Additionally, it is contemplated that drilling fluids with reduced amounts of brine may have reduced viscosity because an increase in viscosity is observed during the preparation of the drilling fluid upon addition of brine. It is contemplated that reducing the brine or using another brine (e.g., NaCl) may reduce the viscosity.

It should be noted that the total amount of emulsifier used in example 1 was less than comparative example a. It is therefore contemplated that the example 1 drilling fluid may be more environmentally friendly than the comparative example a drilling fluid.

It should be understood that any two quantitative values assigned to a property may constitute a range for the property, and all combinations of ranges formed from all of the quantitative values for a given property are contemplated in this disclosure. It is understood that in some embodiments, the compositional range of a chemical component in a composition or formulation should be understood to contain a mixture of isomers of the component. It is to be understood that the examples provide compositional ranges for the various compositions, and that the total amount of isomers of a particular chemical composition can comprise a range.

It is noted that one or more of the following claims use the term "wherein" as a transitional phrase. For the purpose of defining the present technology, it is noted that this term is introduced in the claims as an open transition phrase that is used to introduce a recitation of a series of characteristics of a structure, and is to be interpreted in a similar manner as the more commonly used open-ended preface term "comprising".

It should be understood that any two quantitative values assigned to a property may constitute a range for the property, and all combinations of ranges formed from all of the quantitative values for a given property are contemplated herein.

It will be apparent to those skilled in the art that various modifications can be made to the described embodiments without departing from the spirit and scope of the claimed subject matter. Thus, it is intended that the present specification cover the modifications and variations of the various embodiments described, provided such modifications and variations come within the scope of the appended claims and their equivalents.

The presently described subject matter may incorporate one or more aspects that should not be viewed as limiting the teachings of this disclosure. The first aspect may comprise an oil-based drilling fluid composition comprising: a base oil in an oil phase; water in the aqueous phase; a rheology modifier comprising a layered double hydroxide; comprises a formula of R-CO-NH-R' -NH2The emulsifier of (1); and one or more additives selected from the group consisting of wetting agents, fluid loss control additives, and weighting additives.

A second aspect may comprise a method for preparing an oil-based drilling fluid composition comprising: mixing a base oil, an aqueous component, an emulsifier, and a rheology modifier to form an oil-based drilling fluid composition, wherein: the oil-based drilling fluid composition comprises an oil phase and an aqueous phase, the oil phase comprising the base oil and the aqueous phase comprising the water; the rheology modifier comprises a layered double hydroxide; and the emulsifier comprises a compound having the formula R-CO-NH-R' -NH2The amino acid amide of (1).

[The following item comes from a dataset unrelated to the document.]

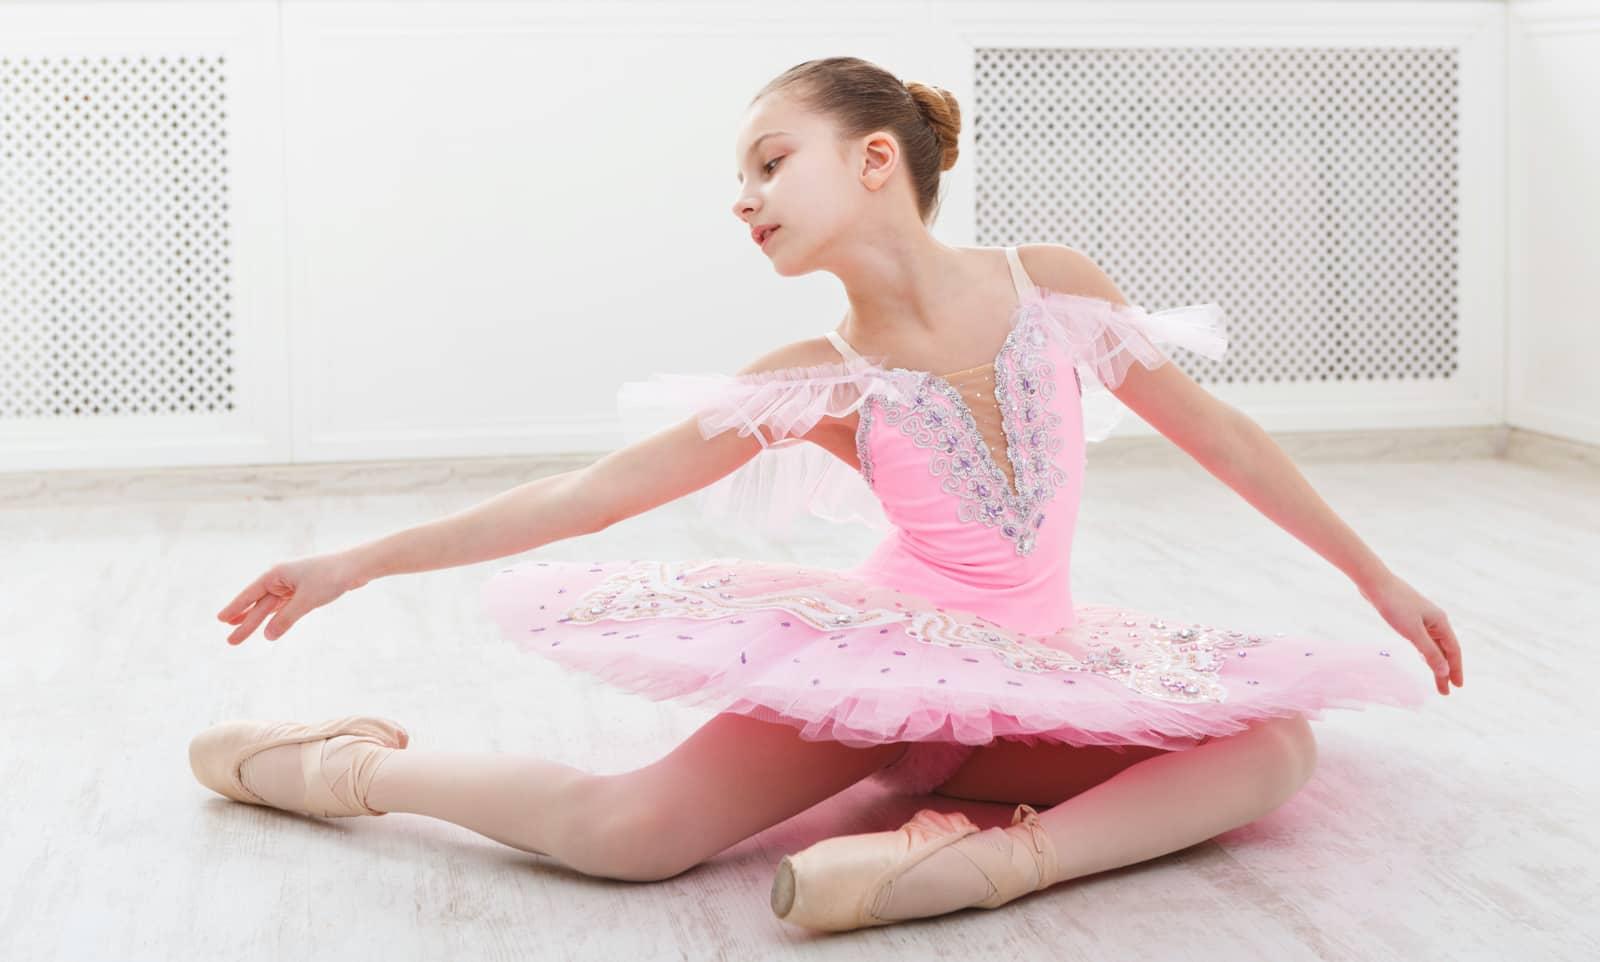 Jong meisje in roze balletpakje op grond in ballethouding

A third aspect may include a method for drilling a subterranean well, the method comprising: providing an oil-based drilling fluid composition, wherein the oil-based drilling fluid composition comprises: a base oil in an oil phase; water in the aqueous phase; a rheology modifier comprising a layered double hydroxide; comprises a compound having the formula R-CO-NH-R' -NH2Emulsification of the amino acid amides ofAn agent, wherein R is a fatty acid alkyl group, R' is an alkyl group, and R "is an alkyl group; and one or more additives selected from the group consisting of wetting agents, fluid loss control additives, and weighting additives; and operating the drill bit in the wellbore in the presence of the oil-based drilling fluid composition.

Another aspect includes any of the preceding aspects, wherein the oil-based drilling fluid comprises Mg/Al layered double hydroxide myristate in an amount of 0.1 wt.% to 2 wt.%, based on the total weight of the oil-based drilling fluid.

Another aspect includes any of the preceding aspects, wherein the oil-based drilling fluid comprises a fluid having the formula R-CO-NH-R' -NH2In an amount of 0.1 wt.% to 5 wt.%, based on the total weight of the oil-based drilling fluid.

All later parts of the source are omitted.